Recursive function to iterative function as binoms

Question

I'm new with algorithms and wonder how this displayed function is supposed to be converted/transformed from recursive to iterative. What should I keep in mind when converting?

public int binom(int n, int k)
{
    if (k == 0 || n == k) { return 1; }

    return binom(n - 1, k - 1) + binom(n - 1, k);
}

Thanks in advance!

Answer 1

In fact, this problem is not so easy, if you just look at the recursive code and try to decrypt it. However, it might be a helpful hint for you, that (n over k), i.e. the binomial coefficient can be written as

n! / (k! * (n - k)!)

where "!" denotes the factorial. And it should be rather easy to compute the factorial in a Loop (i.e. iterative) for you.

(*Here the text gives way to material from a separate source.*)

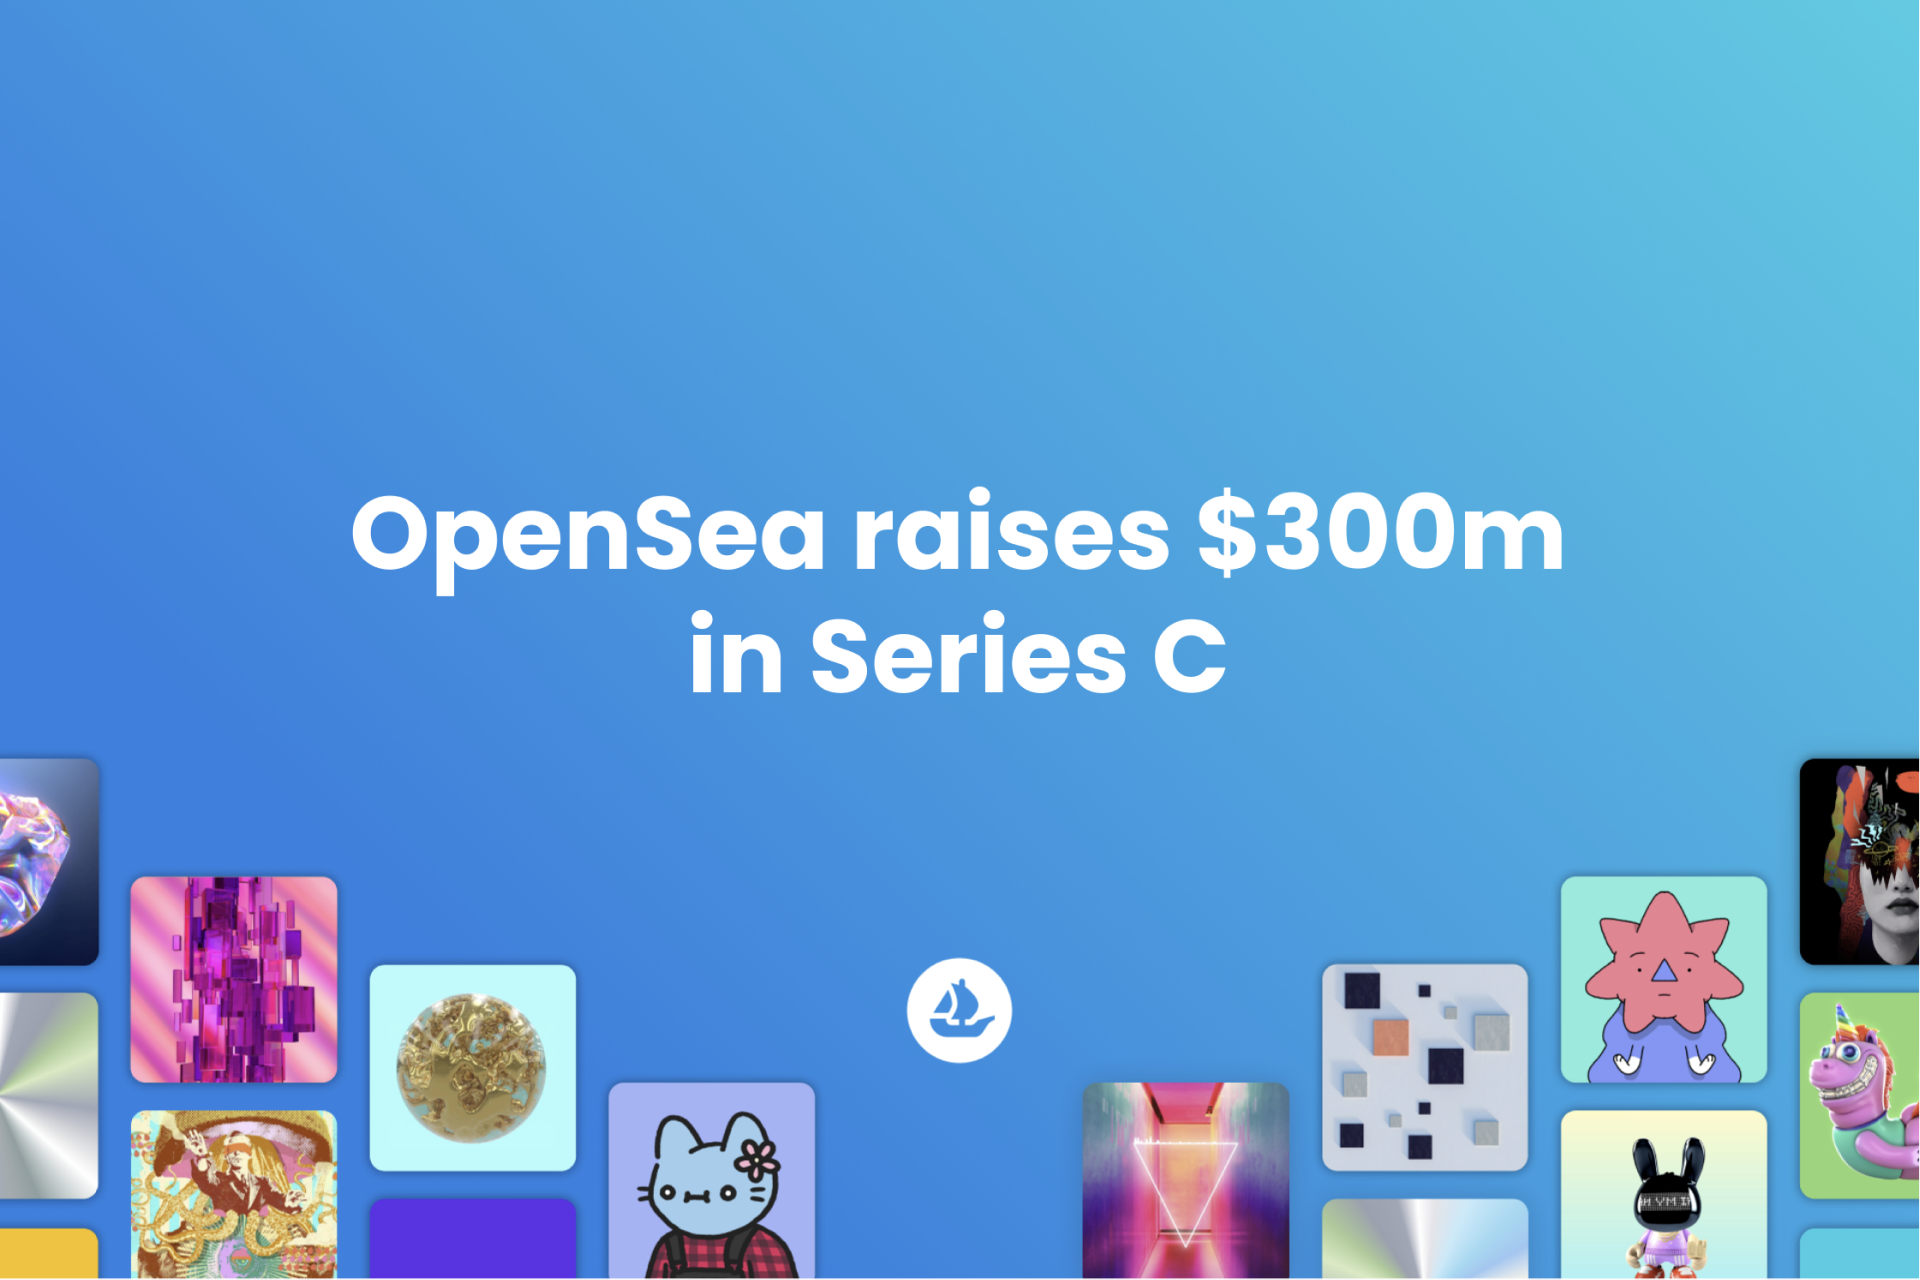 OpenSea——全球最大的NFT交易平台，做“DAO”后会发币吗
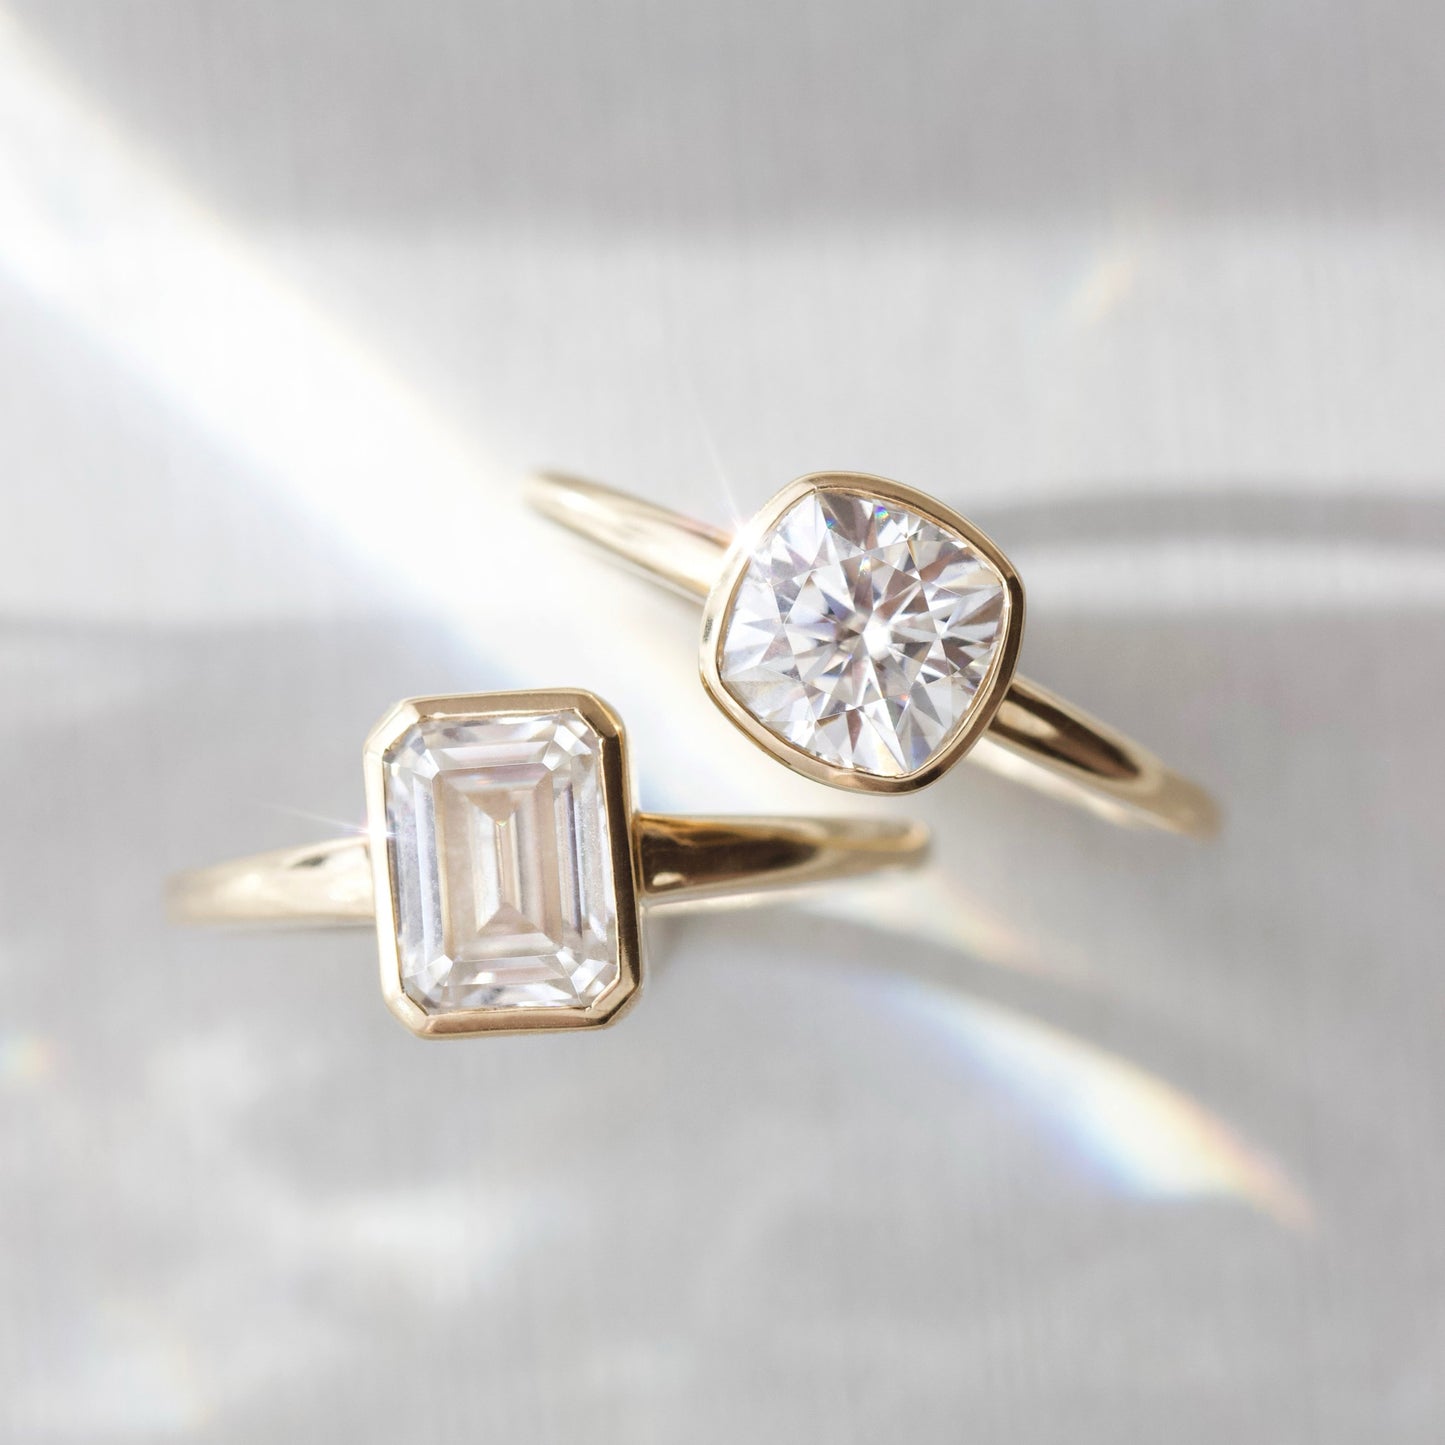 Carrie Elizabeth moissanite engagement ring in solid 9k gold

If intermediate results are too big you can shorten before computation. You can shorten either term k! or the term (n-k)! (you would choose the bigger one). For example with n = 5 and k = 3 you have: (1 * 2 * 3 * 4 * 5) / ((1 * 2 * 3) * (1 * 2)) = (4 * 5) / (1 * 2)

Spoiler-Alarm:

public static int binomial(int n, int k) {
    int nMinusK = n - k;
    if (n < nMinusK) {
        //Switch n and nMinusK
        int temp = n;
        n = nMinusK;
        nMinusK = temp;
    }

    int result = 1;

    //  n!/k!
    for (int i = k + 1; i <= n; i++) {
        result *= i;
    }

    //Division by (n-k)!
    for (int j = 1; j <= nMinusK; j++) {
        result = result / j;
    }
    return result;
}

Answer 2

You can use the multiplicative form of binomial coefficients, for example from Wikia, which can be easily implemented with faculties or loops.